I am referencing your third paragraph. I see nothing on this company site that would suggest they have a machine that will trace onto leather. The machines are all "cutters". Can you clarify?

ferg

If you are used to Photoshop, Illustrator won't be that hard to pick up most of the Adobe products work the same way in regards to layout you can get some good online videos for it from here though www.lynda.com I think it's $30 a month, you would probably only need a month to learn what you want to do. Illustrator works with measurements you can type in what size you want circles, arcs and lines are all easy to do. Images can be imported and turned into line art and altered as you see fit if thats what you mean by image manipulation otherwise you can use it in conjuction with Photoshop.

Illustrator also has layers and you can turn them on and off for what you want to print, I'm lucky in that I have access to printers that range in size from A4 to A0 (office paper to movie poster) Illustrator can handle any of these sizes with ease. Adobe does a trial version of Illustrator that you can download from their website, the only other program I can think of that may suitable for you would be Corel Draw I've never used it but they should do a trial version as well. I believe lynda.com do training videos for it as well though not as extensive as those for Illustrator.

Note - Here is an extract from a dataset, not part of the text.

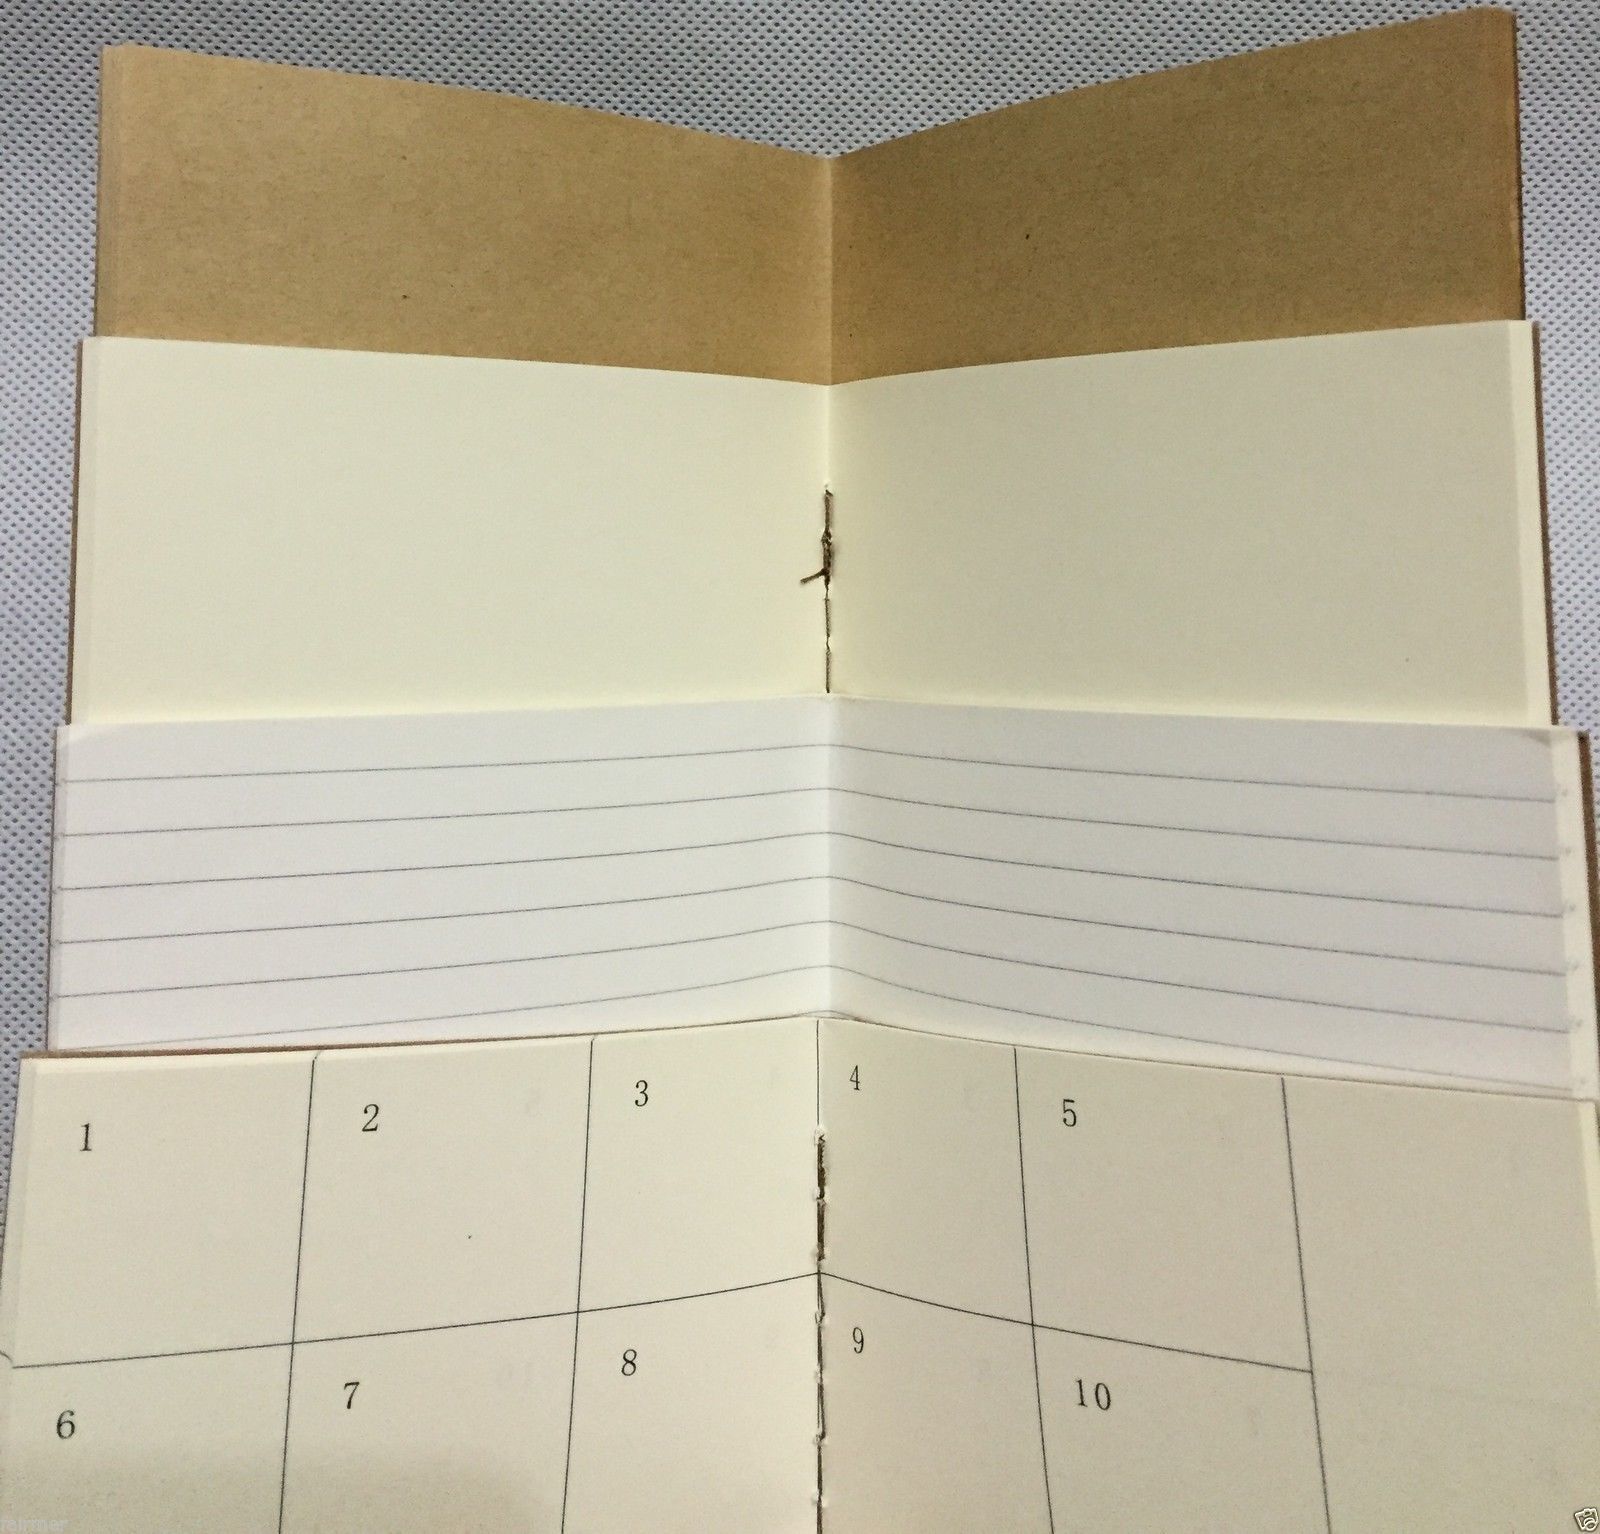 6x4 1 blank paper refills inserts for medium traveler's journal diary note book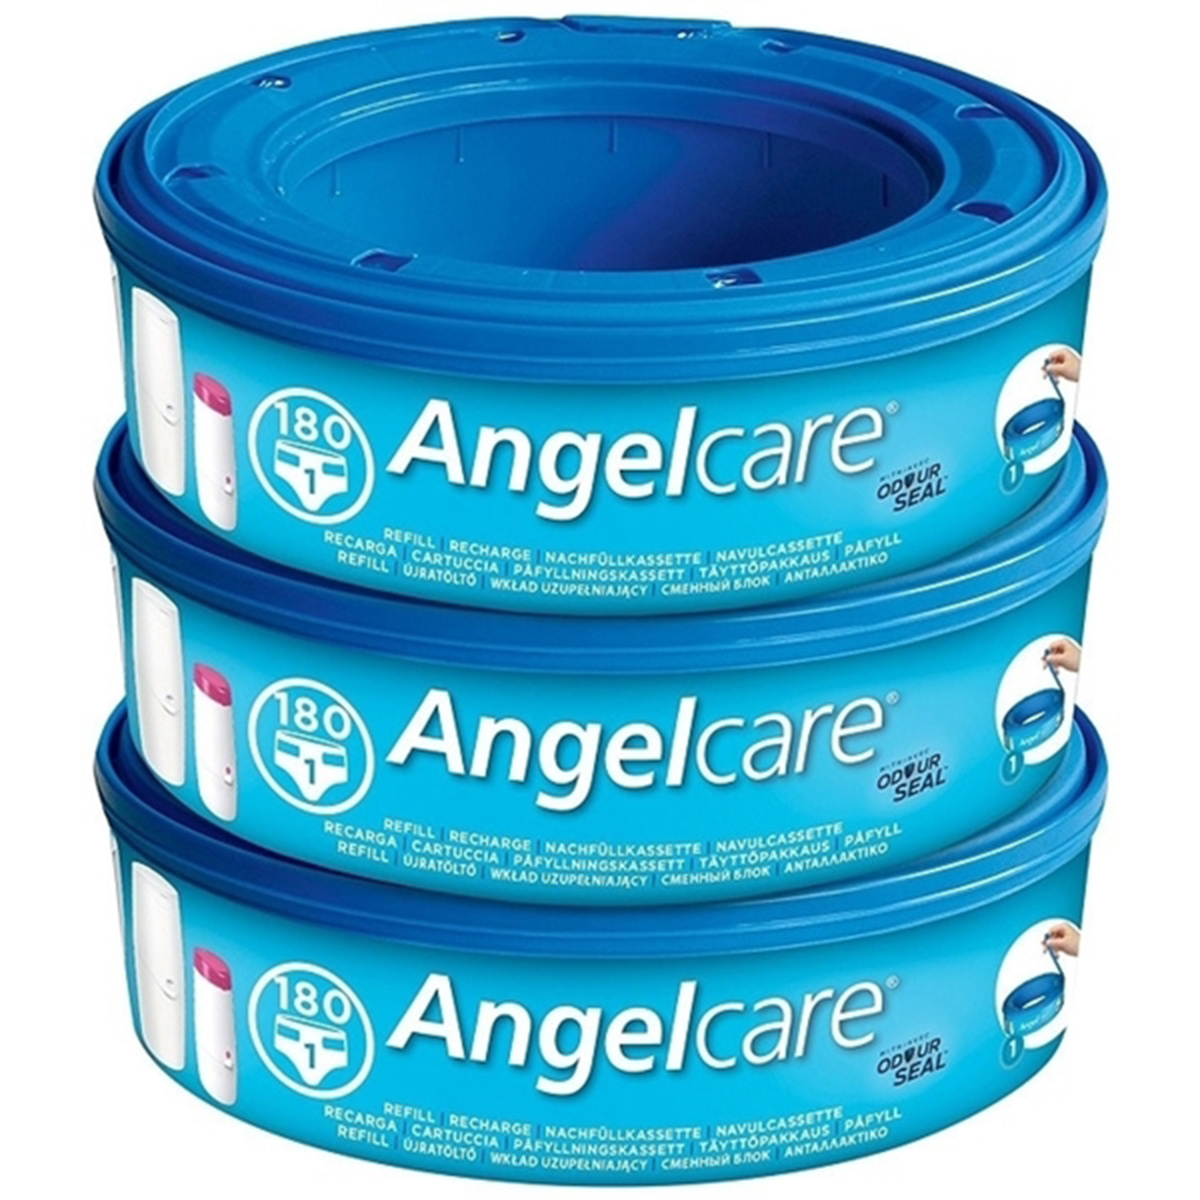 AngelCare Ανταλλακτικές Σακούλες 3 Πακέτα Για Κάδο Angelcare BR74586

For patterns under A3 size I work completely digital I use a machine that can trace directly onto the leather www.knkusa.com if you want to check it out I have the 13 inch model but considering your space contraints I'm not sure if you would want another machine but the option is there if you wanted to go completely digital in the future and not have to use printed out patterns at all it uses it's own software which is similiar to Illustrator,Illustrator files can be imported into it though.